### Problem
Restate the full listing word for word and leave the pictures out.

### The data
____________

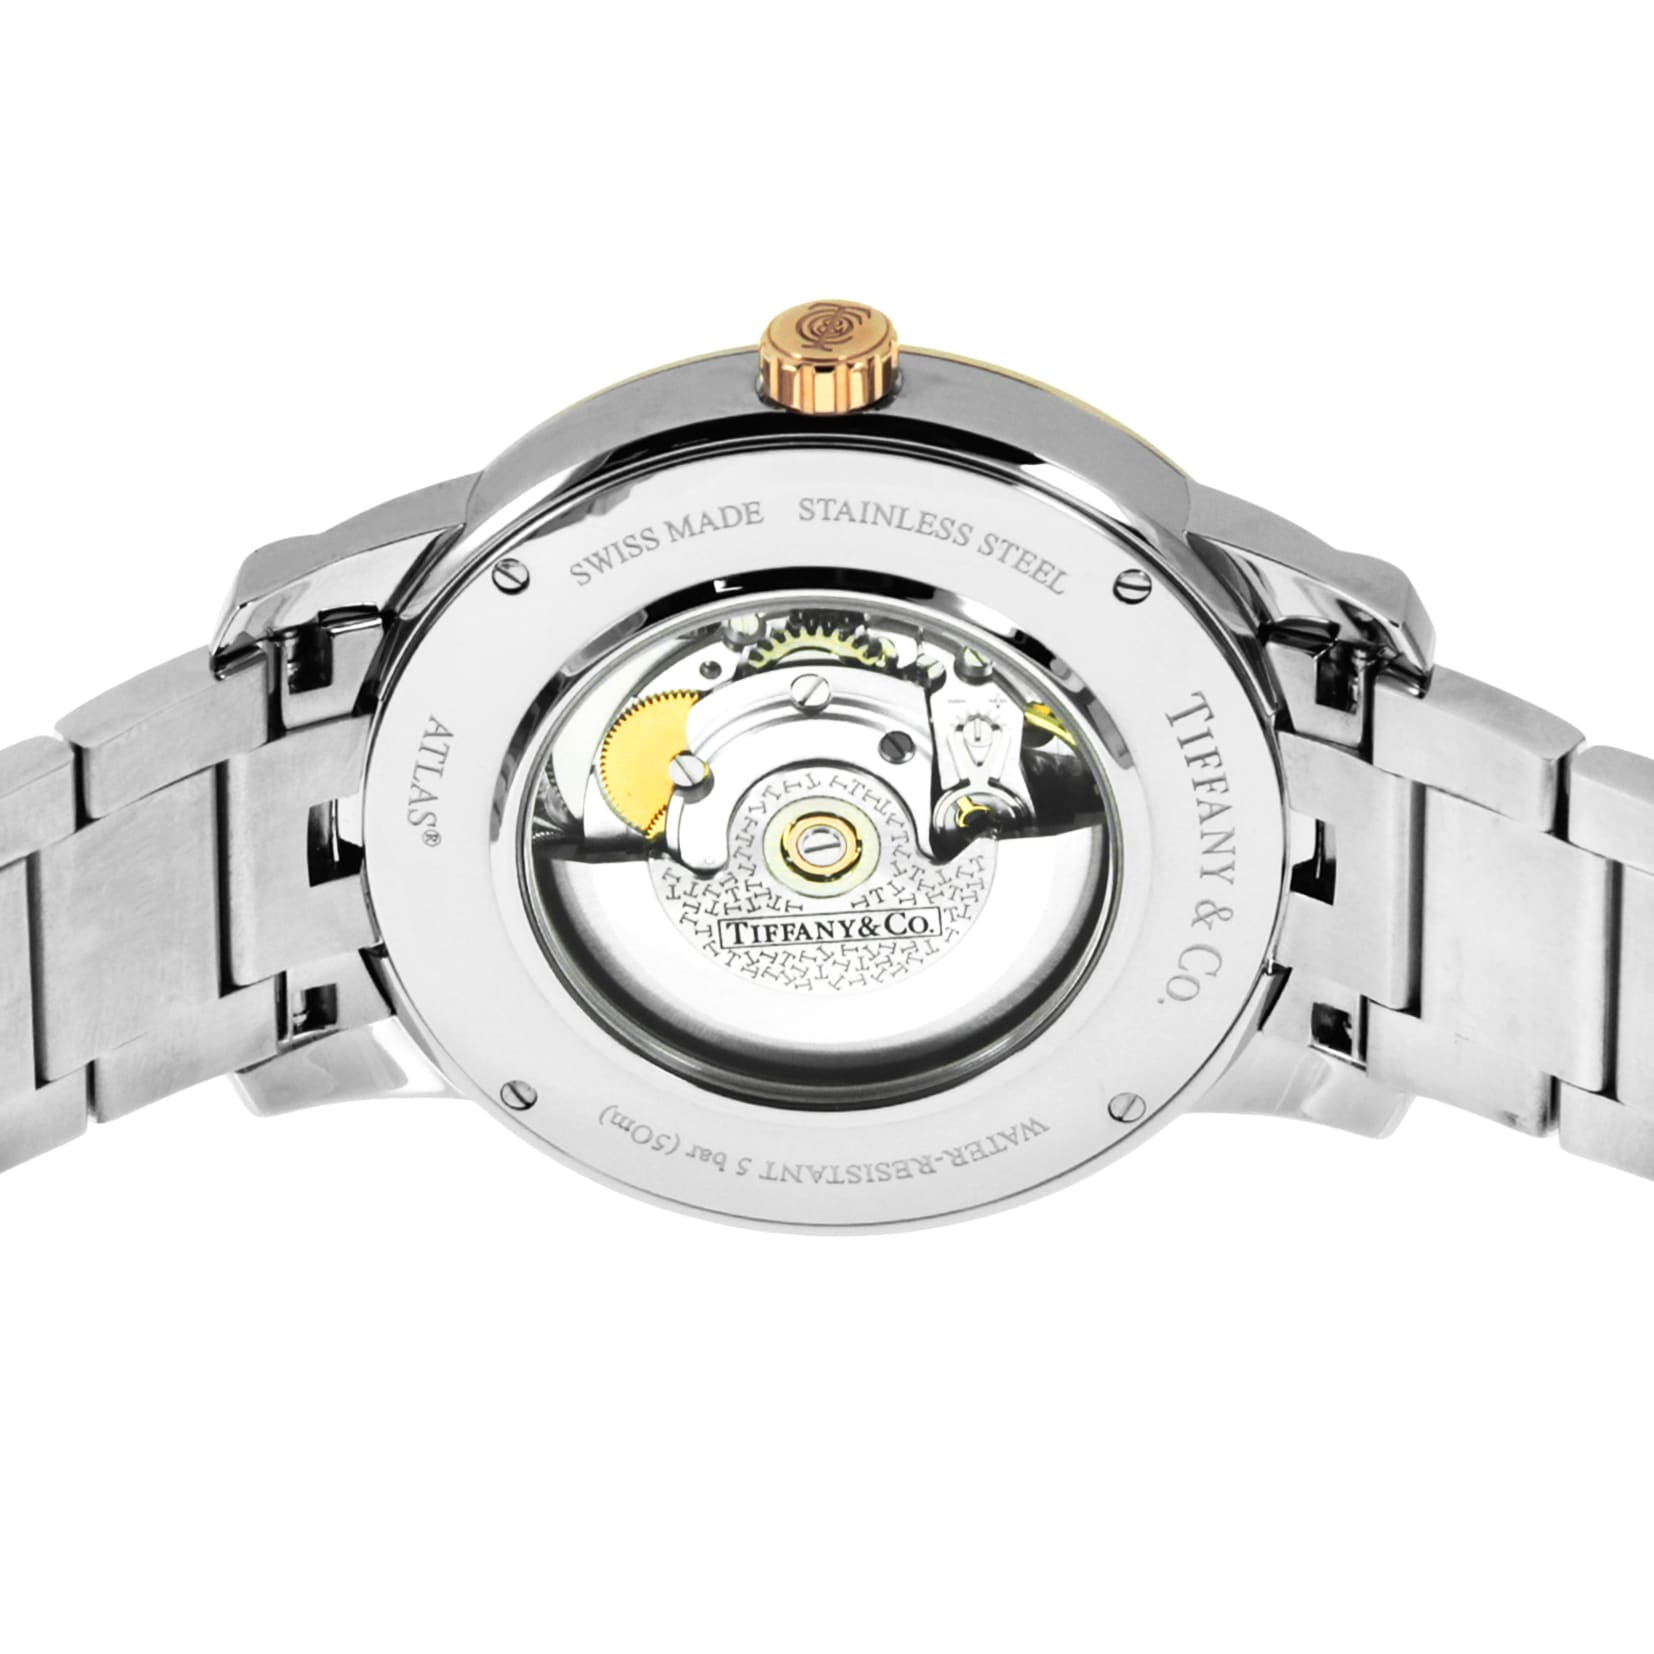 Tiffany & Co. ティファニー メンズ腕時計 AtlasDome Z1810.68.15A21A00A シルバー
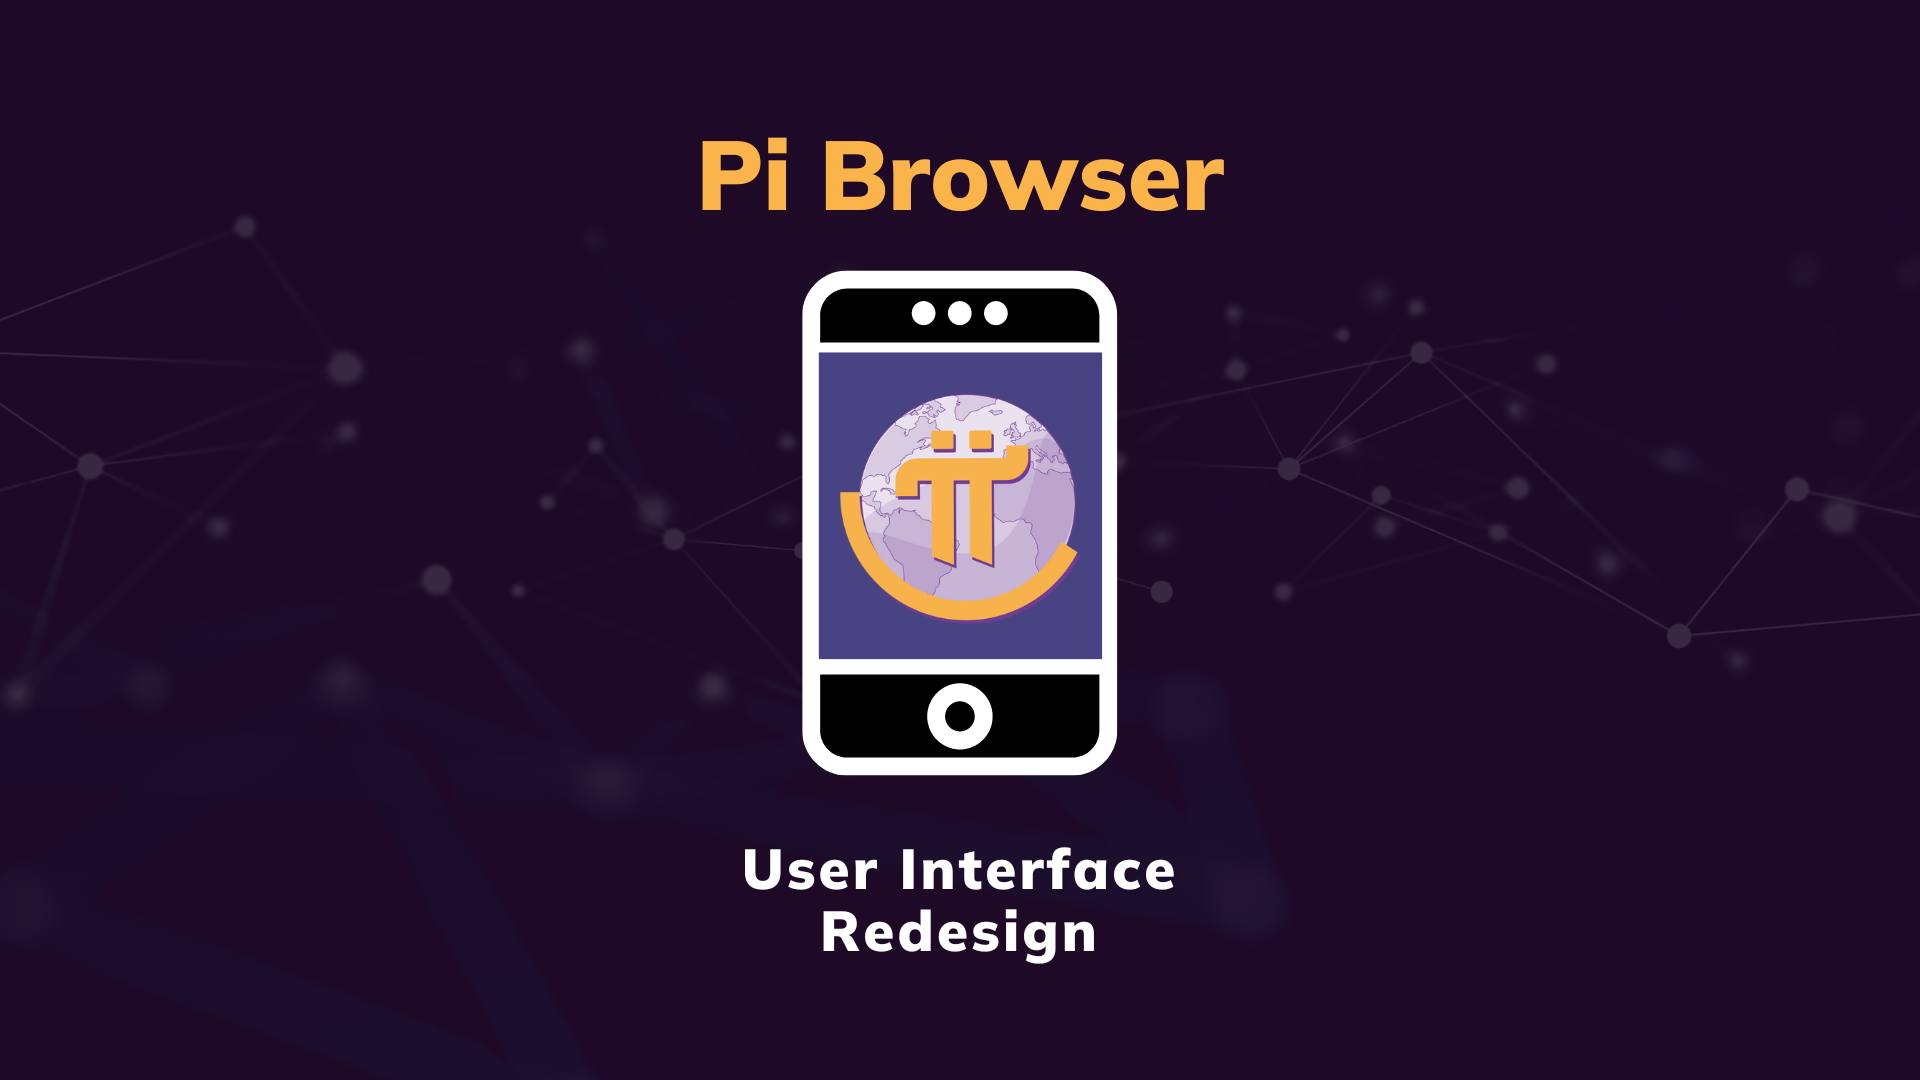 Elevating The Pi Browser Design
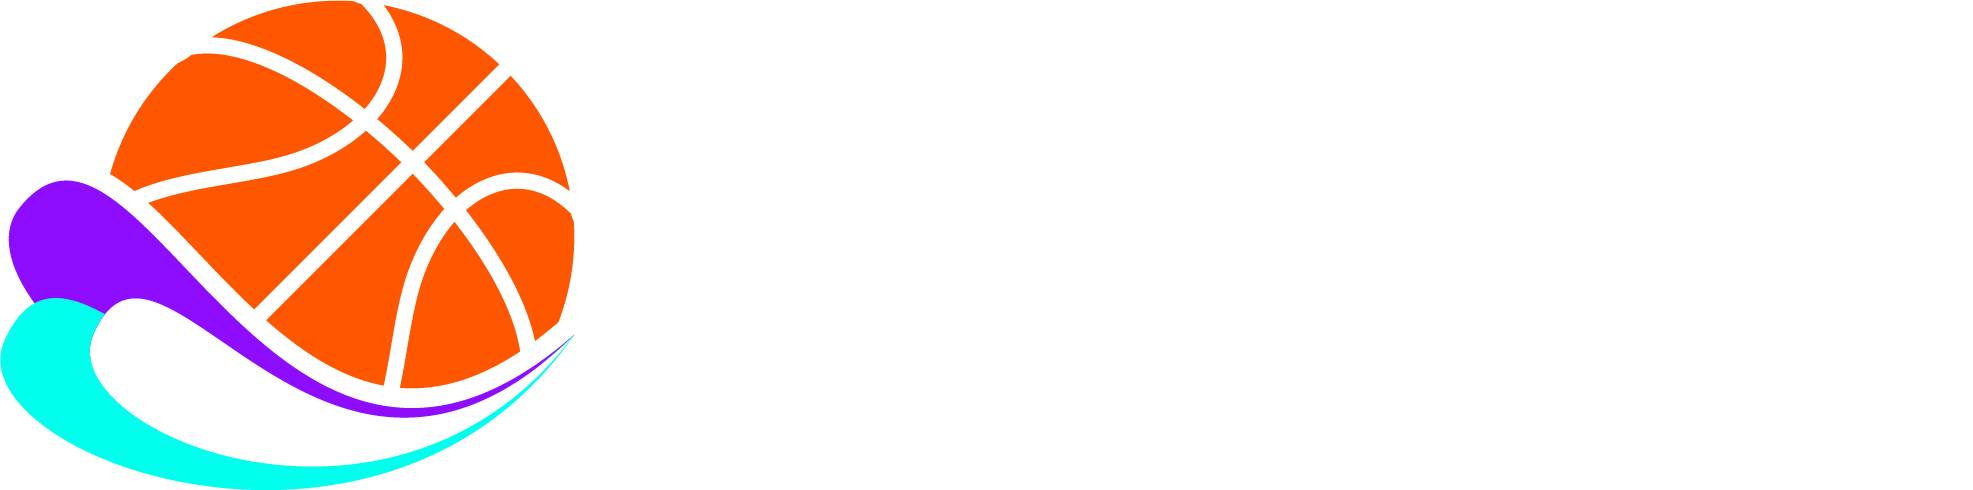 Basketball Universe

____________

### Task response
 Tiffany & Co. ティファニー メンズ腕時計 AtlasDome Z1810.68.15A21A00A シルバー
 Elevating The Pi Browser Design
 Basketball Universe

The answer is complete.